**Dataset excerpt:**
"""

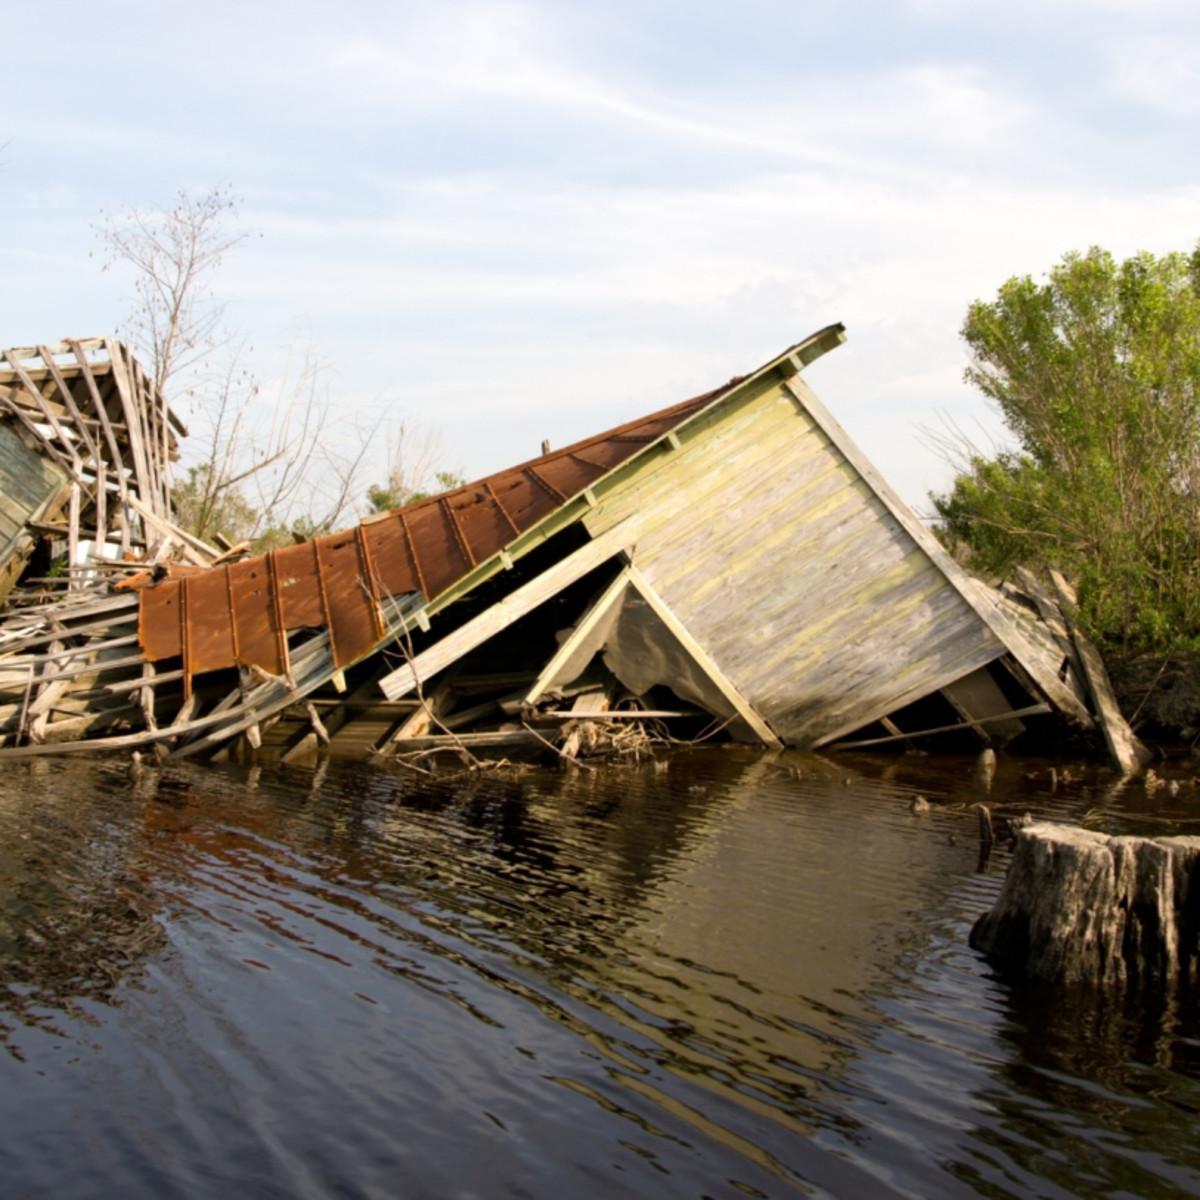 11 Facts About Hurricane Katrina | DoSomething.org
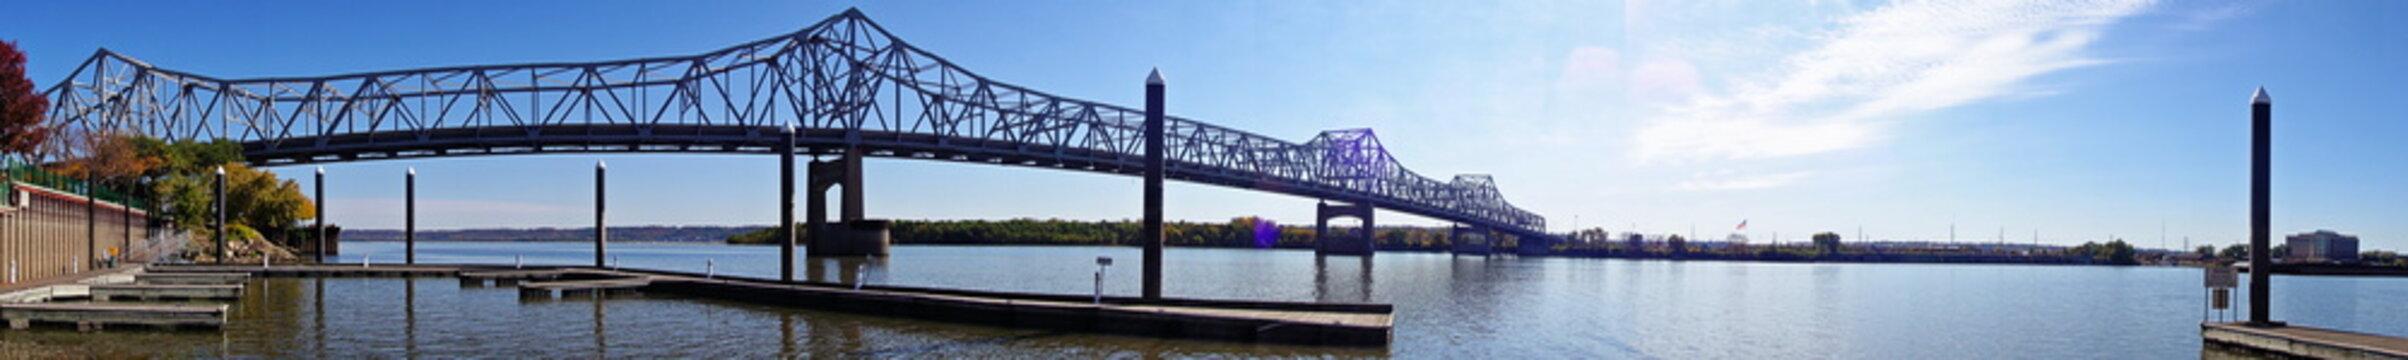 Horizontal panorama of a steel bridge in Youngstown Ohio.
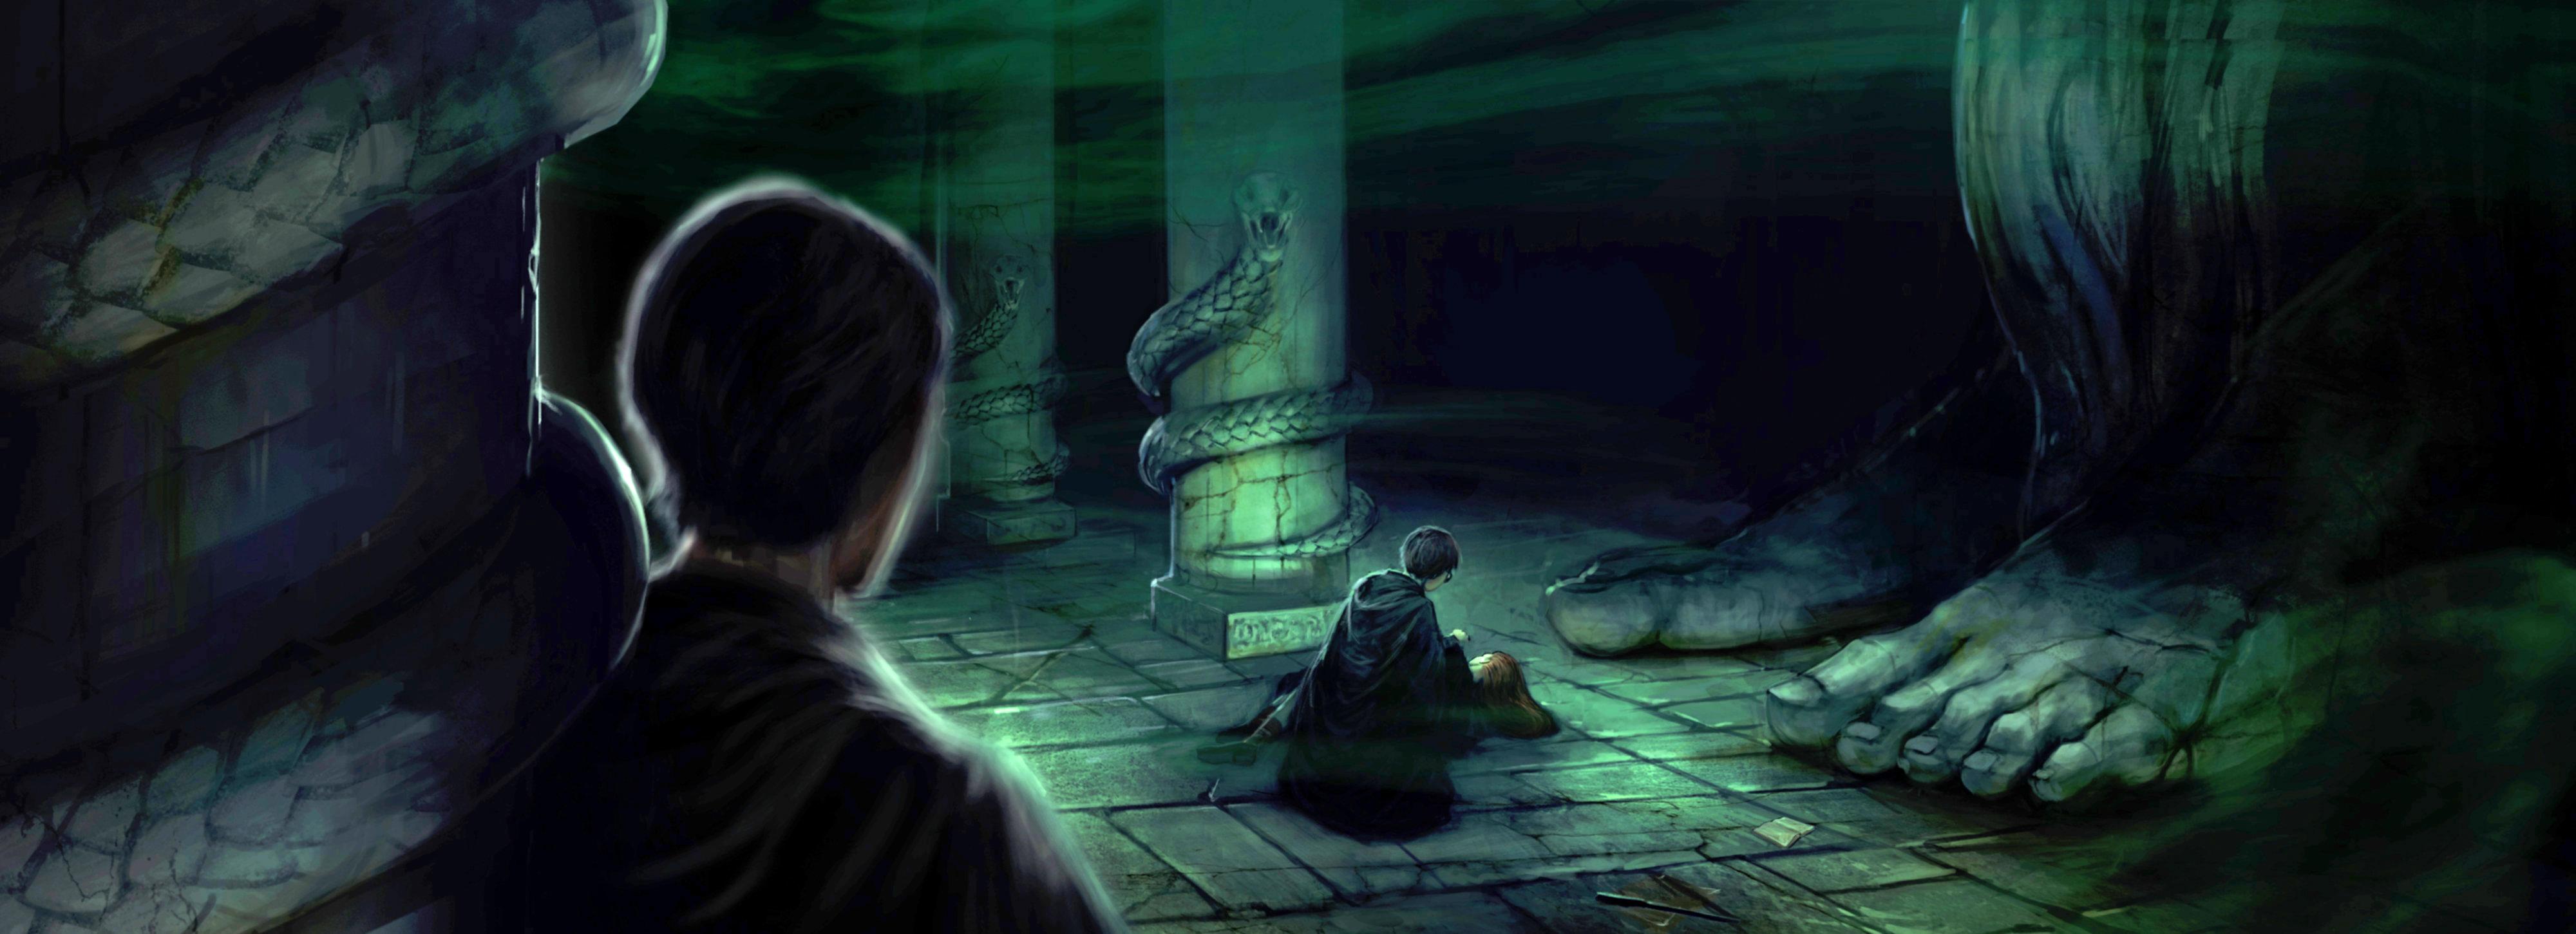 B2C17M1 Harry Ginny Tom Chamber of Secrets.jpg

"""

**Work instruction:** Would you output, word for word, only the lines running from the line with "Horizontal panorama of" to the end of the listing above, both ends included, with no pictures?

**Answer section:**
 Horizontal panorama of a steel bridge in Youngstown Ohio.
 B2C17M1 Harry Ginny Tom Chamber of Secrets.jpg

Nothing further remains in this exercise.